Harris began by saying it was possible that one or more of the 48 members of the department voted for George Bush in 2004. As he couldn’t identify even one History professor that did so, however, I’m not sure why this point helped his case.
The chairman then chastised the newspaper for not investigating “the political coloration of, say, the Business School.” I’d guess that most CU Business School professors are on the right. I’d also speculate that most faculty at Teachers’ College, the school of Social Work, and the Journalism School are on the left. Professional schools’ faculty tend to reflect the ideological mainstream of the profession for which they train. Is Harris really saying that the intellectual diversity of a History Department should be evaluated as if the department were a professional school rather than a component of a liberal arts college?
Finally, and most alarmingly, Harris wondered, “Is it possible that serious scholarly study of history tends to lead a person towards the left?” Yes, it is possible. It’s even more possible that those who believe that a link might exist between a person’s ideology and whether they are engaged in “serious scholarly study of history” can convince themselves, in the inherently subjective nature of the personnel process, that non-leftists who apply for positions have, for some reason, not produced high-quality history.

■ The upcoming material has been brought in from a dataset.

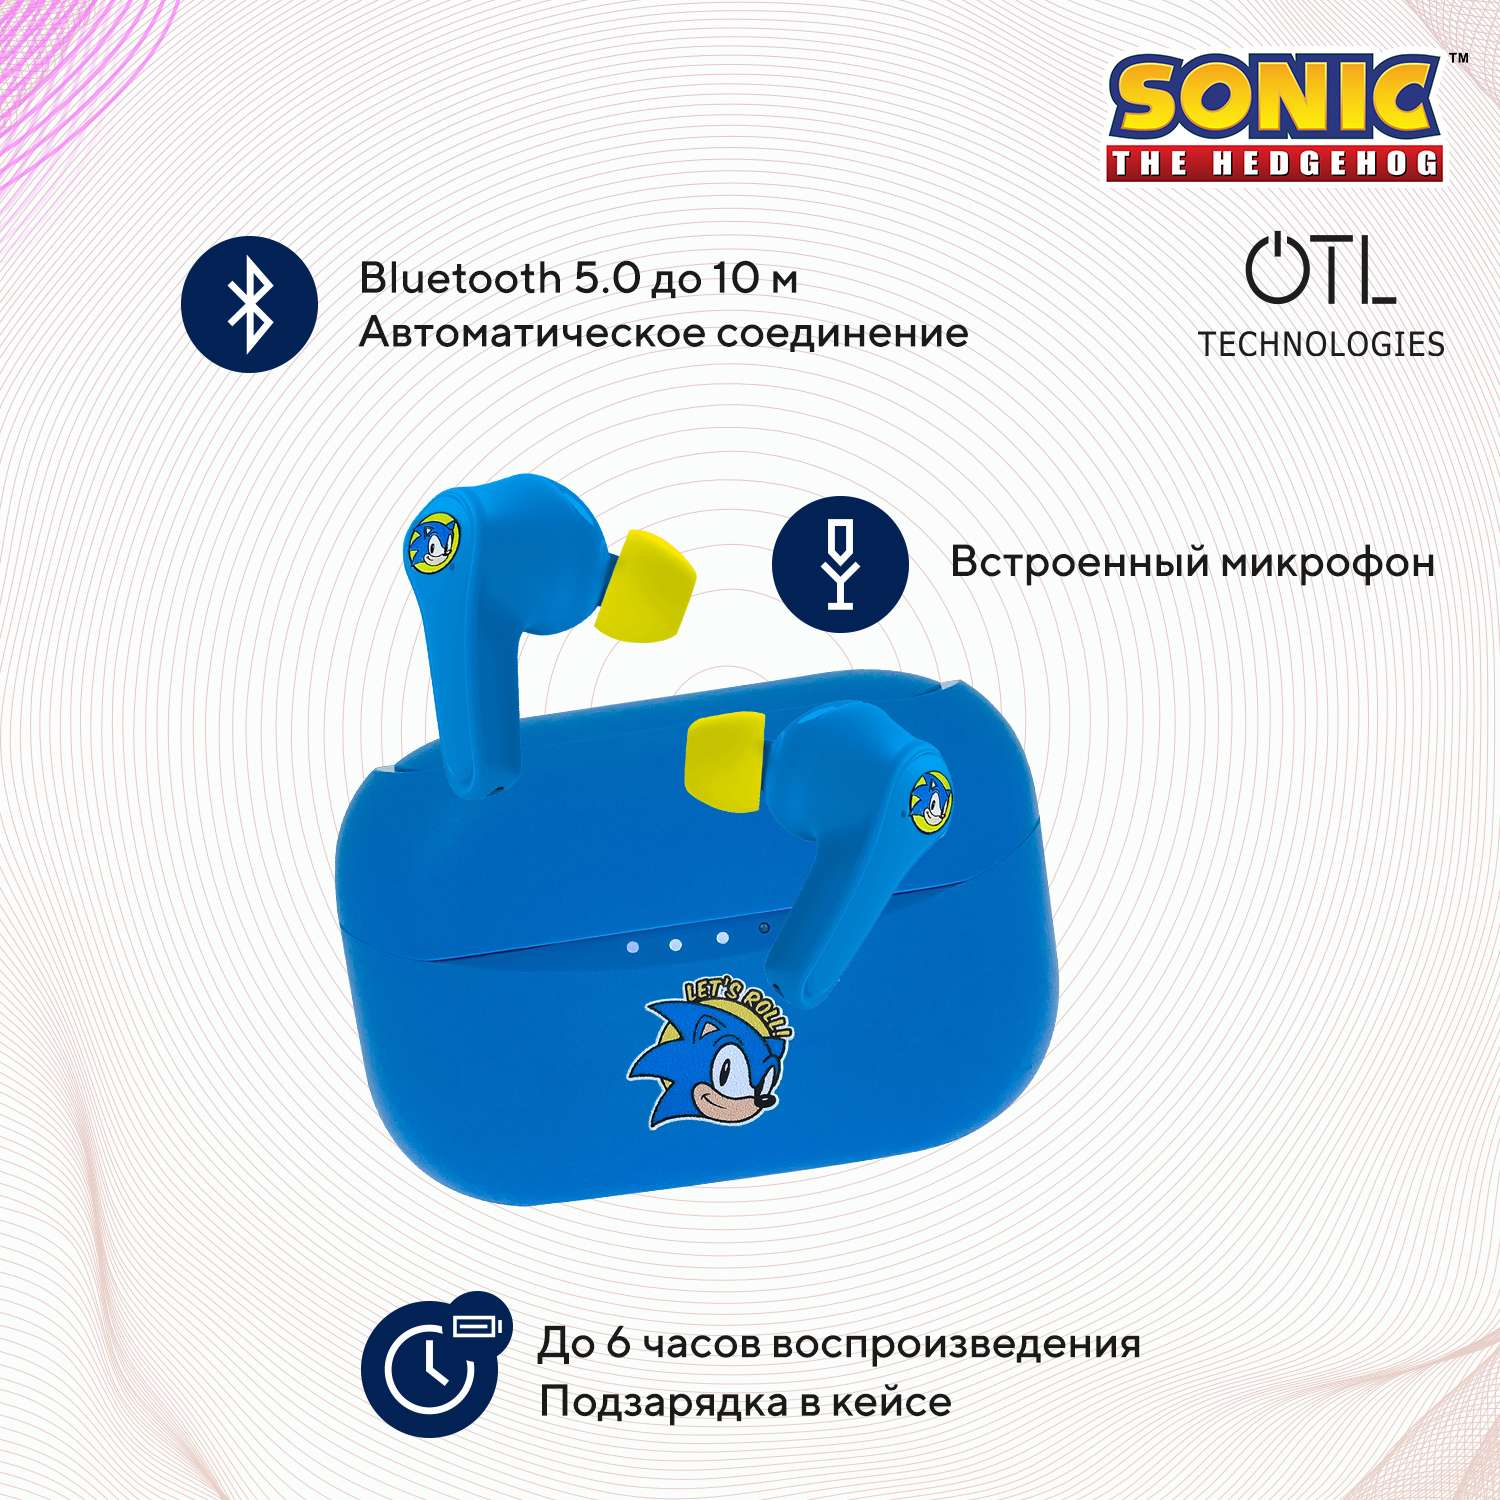 Наушники беспроводные OTL Technologies Sonic the Hedgehog - фото 2

What makes such comments so depressing is that many institutions have situations far worse than Columbia—whose administration seems to understand why intellectual diversity matters, and whose History Department is more pedagogically diverse than at least some of its Ivy League counterparts (notably Princeton). So if someone like Harris can ponder about the connection between left-wing political beliefs and serious study of history while simultaneously claiming that no job candidate before his department has ever been subjected to an “implicit political test,” what can be expected at institutions whose administrations seem to desire an ideologically homogeneous faculty, or who don’t particularly care about having faculty of the intellectual quality of someone like Foner or Mazower?